The man at the desk slowly lifted his head, amber eyes narrowed at Grant with the promise of pain. “It’s Moses.” The asshole was implied. Then she was the focus of that intent gaze. “You can do better than him. Hell, I’m gay and we could have a platonic marriage and that relationship would still be better than hooking up with him.”
“Obviously he’s a delicate flower,” Grant murmured not so quietly and then spoke to Moses again. “We’re not rooming together. She belongs to Cole. I’m just taking care of her until he gets off his ass.” He snorted. “I swear, you’d think he got shot or something.”
Then Grant winked, flashing her a small grin while they both suffered beneath Moses’s glare.
Finally, Moses dug in a drawer and tossed a key at Grant. “Room fourteen. Not far from the med bay.”
Grant didn’t even say thanks to the agent. He just took off down the hallway. Stella paused long enough to toss out a murmured “thanks” before rushing to catch up. They were back to the unending maze, dodging people while hunting for her room.
And then they’d arrived, a gold plaque with the number “fourteen” etched onto its surface. Grant quickly unlocked the door and pushed it open, glancing around the space before stepping back to let her in.
“There should be some clothes in the dresser. Probably big on you, but at least it’ll be better than Birch’s shirt. Shower, dress, and while you do that I’ll check on Cole. See if there’s any news on that front.”
She nodded, overjoyed that he was going to do what she couldn’t—demand answers. Stella was a nobody as far as most of these agents were concerned. She mattered to only one person—Cole. Though even that wasn’t guaranteed. There were so many emotions tied up in the weekend that it was hard to figure out which were real and which were fake.
“Thanks, Grant.” She laid her hand on his forearm and gave it a gentle squeeze. “I really appreciate what you did for him—us—this weekend. Thank you for taking care of me when it went sideways.”
Grant shrugged. “Part of the job.”
Her lips twitched, and she gently shook her head. “It wasn’t. Which is why I appreciate your help
even more.”
“Well—”
A siren screeched through the air, lights flashed, and an unknown voice came over the speakers. “Code Oscar. Time check engineering. Code Oscar. Time check engineering.”
“Fuck.” Grant cursed and pushed her into the room.
“Grant? What’s going on?”
“There’s a bomb in the engine room, and someone has gone overboard.”
Stella froze in place, staring at the werewolf. Then she was staring at a closed door. One that let out an audible snick a moment later.
Someone was overboard. There was a bomb on the yacht. And Stella was locked in her room.
Chapter Twenty-six
Grant
Grant stared at the small screen, the monitor showing Stella still sitting at Cole’s bedside. The high-definition camera and sensitive microphones picked up everything in that room—Cole’s every breath and Stella’s every sniffle.
She’d stayed strong through the evac from Serene Isle to the SHOC yacht. He hadn’t liked how Hartley had looked at her, but then other shit had taken precedence. She’d been only a little rattled when Grant had locked her in her stateroom.
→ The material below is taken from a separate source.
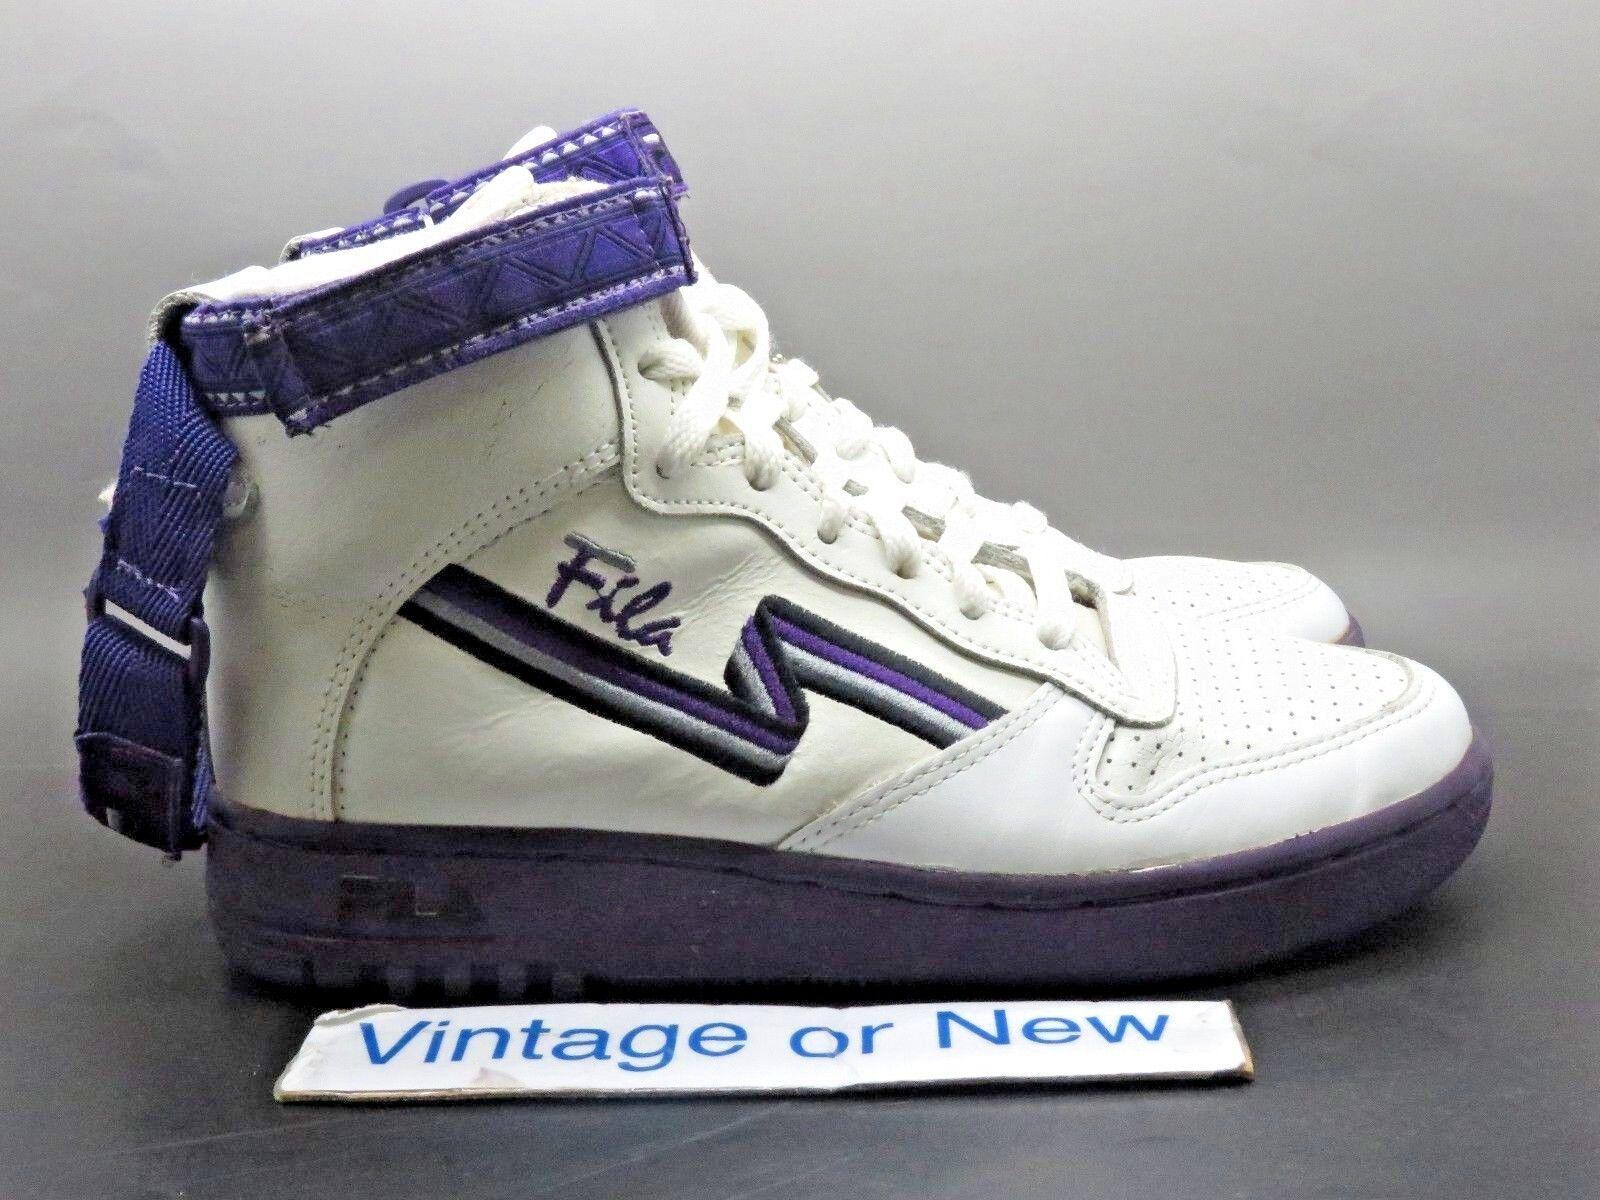 Women's VTG 1992 Fila FX-100 White Purple Double Strap Hi Top Sneakers Price reduction Seasonal clearance sale

Of course, when he’d let her out, that’d been a different story.
No one knew how—the investigation was still underway—but James Walters had managed to plant a bomb in engineering and then launch himself over the side. He mentally snorted. Right. Of course. The guy who was half-concious, drooling, and barely able to speak was able to put together an explosive device and then jump into the sea and disappear.
He shook his head…Fucking Hartley.
When Grant had told Stella, it’d taken every ounce of smooth talking to keep her aboard the yacht. She’d wanted to chase after him. Even if that meant doing something stupid like shifting and diving into the sea to swim after the human. He’d redirected her intense concentration to Cole, her worry for the tiger pushing aside her need for vengeance.